What's the best stock from this list?

Determining the "best" stock depends on individual investment objectives and risk tolerance. However, NVIDIA and ASML demonstrate the strongest combination of growth rates, profitability metrics, and market positioning. NVIDIA's 161.5% ROIC and 65.2% revenue growth reflect exceptional capital efficiency and market demand. ASML's 93.4% one-year return and critical role in semiconductor manufacturing provide compelling value. Investors should evaluate each stock against their specific investment criteria using ValueSense's analysis tools.

Should I buy all these stocks or diversify further?

While this portfolio provides exposure to the AI infrastructure and technology sectors, investors should consider their overall portfolio composition and risk tolerance. The portfolio's concentration in technology and semiconductors means it will outperform during periods of tech strength but underperform during sector rotations. Consider diversifying with holdings in healthcare, consumer staples, financials, or other sectors based on your overall asset allocation strategy. ValueSense's stock screener can help identify opportunities in underrepresented sectors.

What are the biggest risks with these picks?

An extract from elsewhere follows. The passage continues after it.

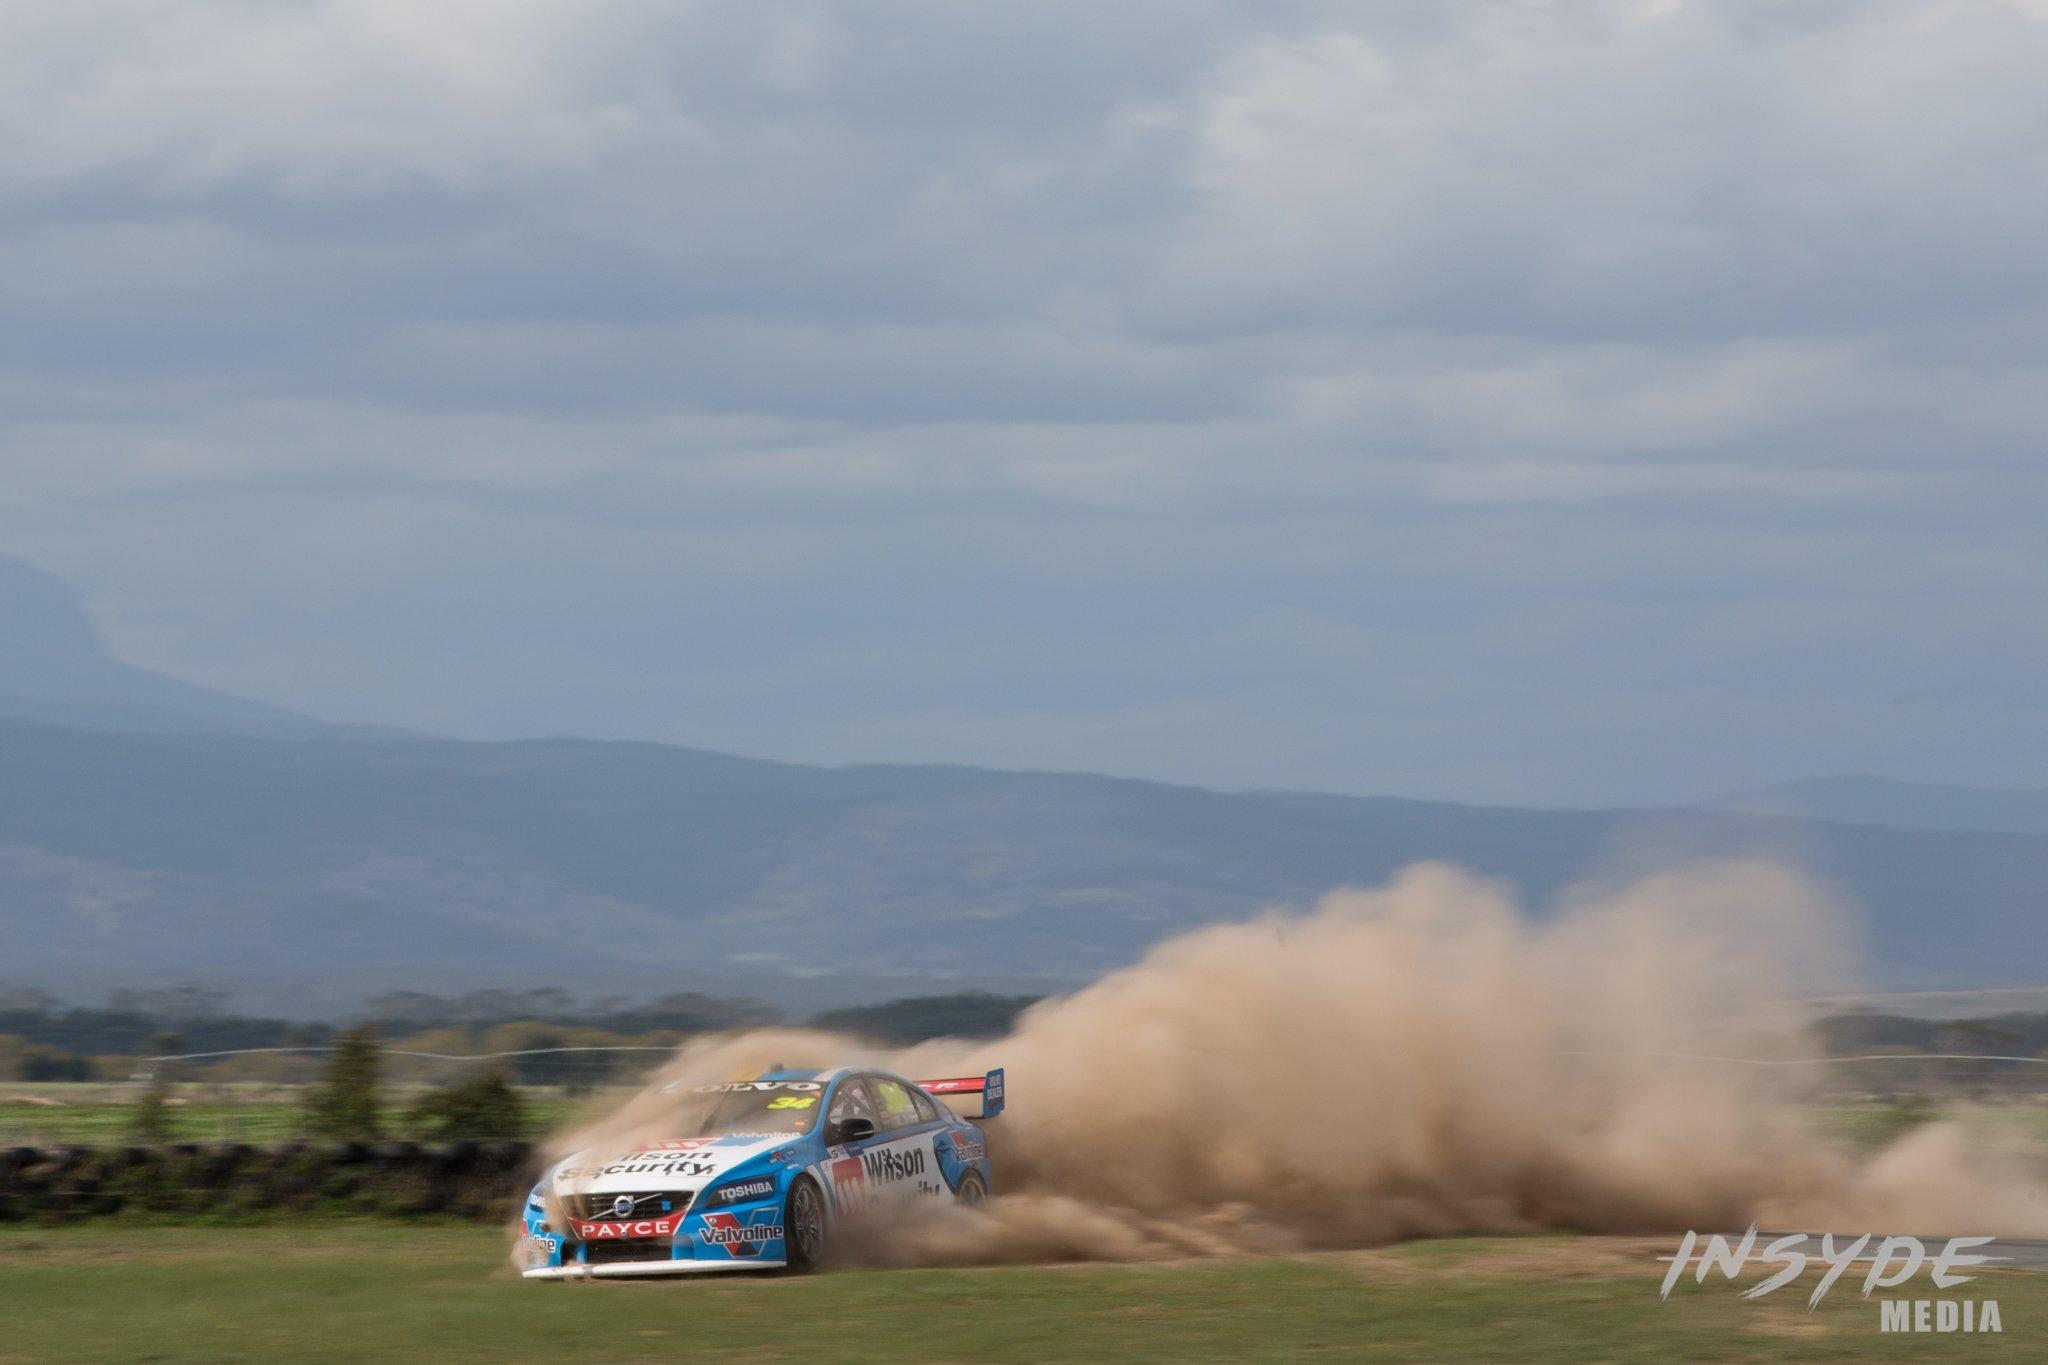 Motorsport-VASC-InSydeMedia-013

The primary risks include sector concentration (technology and semiconductors), geopolitical exposure (Taiwan, China), valuation sensitivity (these stocks trade at premium valuations reflecting growth expectations), and cyclicality (semiconductor industry cycles). Additionally, regulatory risks affect Alphabet and Alibaba, while execution risks apply to Tesla's autonomous driving and Palantir's commercial expansion. Investors should monitor these risk factors and adjust positions accordingly.

When is the best time to invest in these stocks?

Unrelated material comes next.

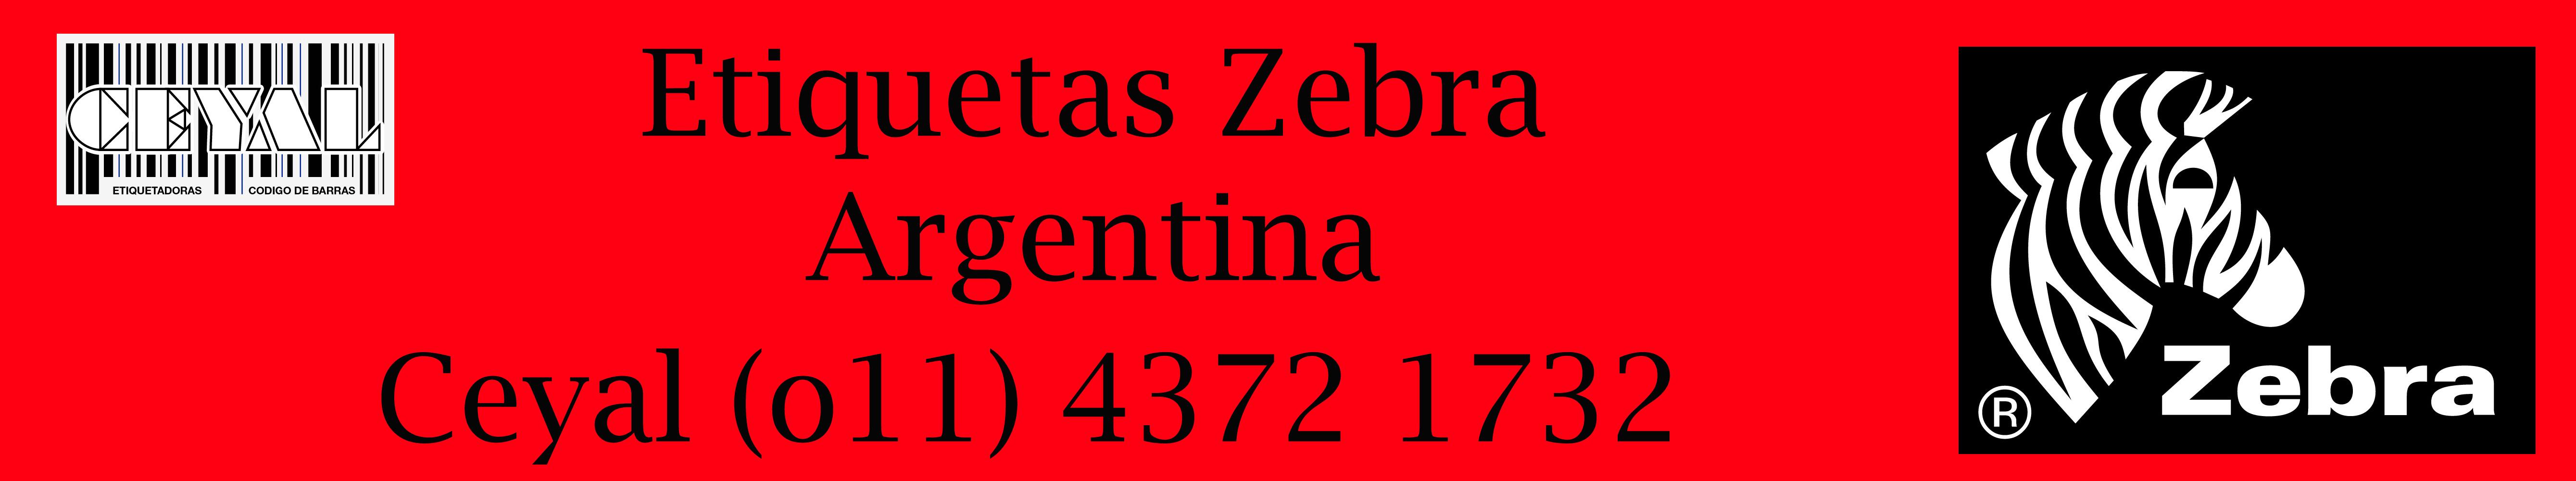 etiquetas zebra argentina

Rather than attempting to time market movements, ValueSense recommends a systematic approach based on valuation metrics. Use the platform's intrinsic value calculations to establish target entry prices representing meaningful discounts to calculated fair value. Dollar-cost averaging over 3-6 months reduces timing risk. Monitor earnings reports, guidance updates, and industry trends for catalysts that may affect valuations. Consider your investment timeline—longer-term investors can tolerate short-term volatility, while shorter-term investors should be more selective about entry points.